We are ready now to estimate the probability that at least two people share a birthday in a group of n random subjects. In a similar fashion to the coin toss example where the probability of heads was given by the long run frequency (number of heads / number of tosses), the estimated probability is:

$$\frac{\mbox{number of repetitions with shared birthdays}}{\mbox{nrep}}$$

As mentioned above, the number of repetitions affects both accuracy (better accuracy for more repetitions) and computational time. Section ?? provides more details on this issue. In the cell code below we use 1000 repetitions.

In [8]:
n = 23
nrep = 1000

sum(birthday_sim(n, nrep) >= 2) / nrep

0.52

Note that the result we obtain is close but not equal to the probability we calculated at the beginning of this chapter (0.5073).
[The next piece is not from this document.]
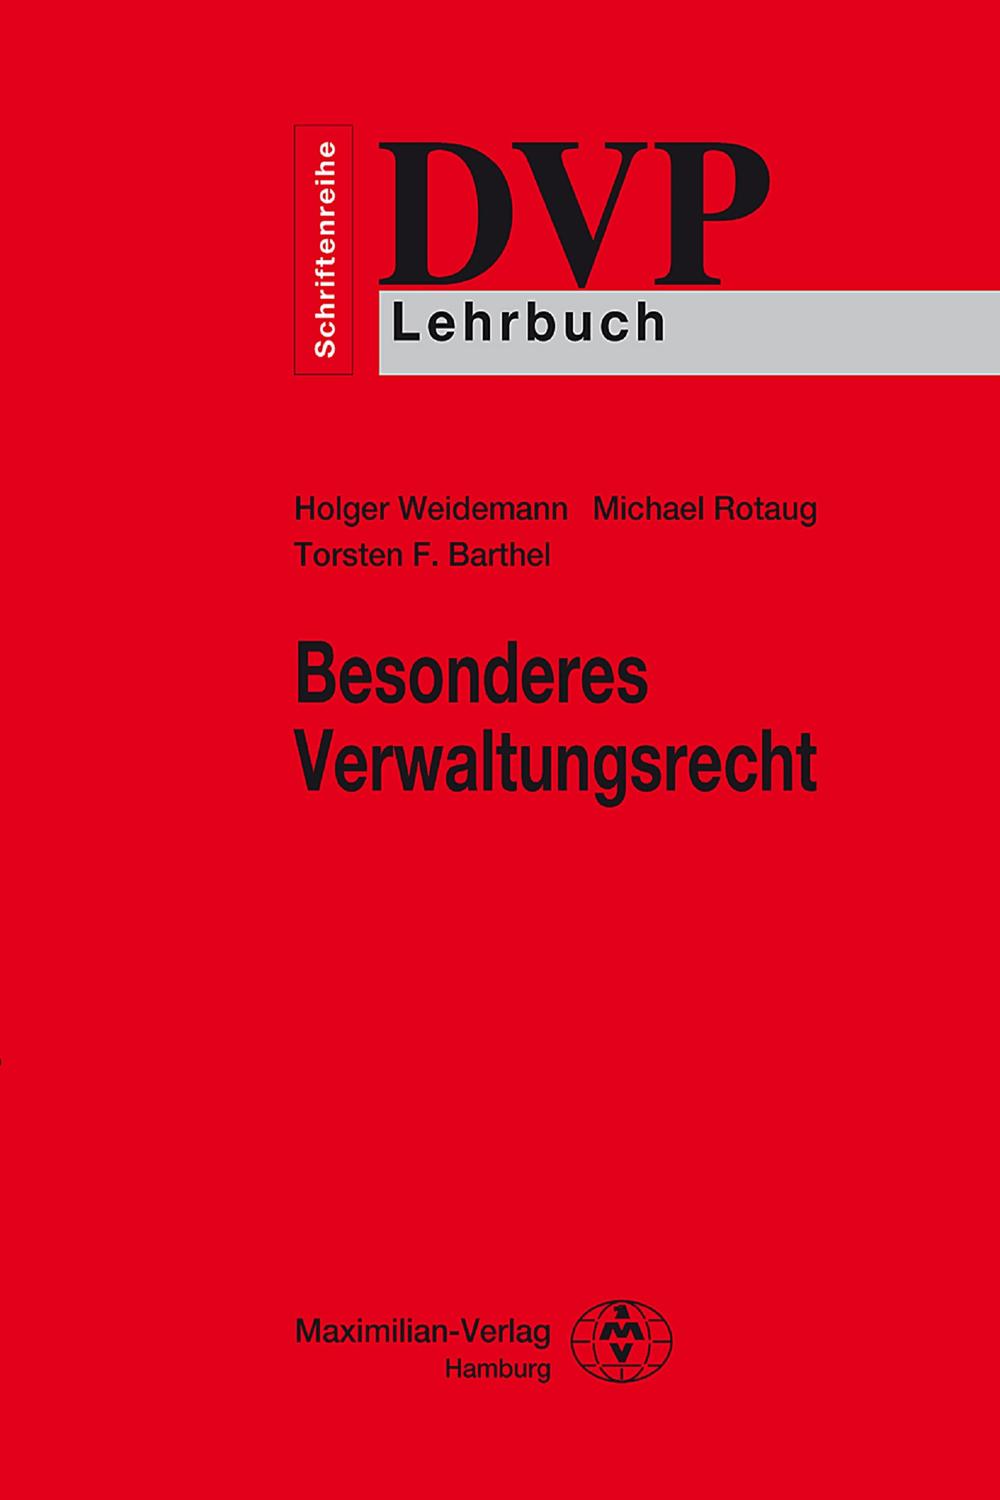 Besonderes Verwaltungsrecht - Michael Rotaug, Holger Weidemann, Torsten F. Barthel,,

Increasing the number of repetitions will lead to an estimate that is closer to the exact probability.

## On the assumptions used in simulations

It is important to consider whether the assumptions made in the simulations are the same or different than the ones we made in the mathematical derivation. The answer is yes (same assumptions) because: (i) the `birthdays` range has 365 elements (so we implicitly assume the year has 365 days); and (ii) birthdates are independent and equally likely (because the `random.choice` function is designed to sample elements this way when only sample size is provided).

We will talk in a later section about ways to relax these assumptions.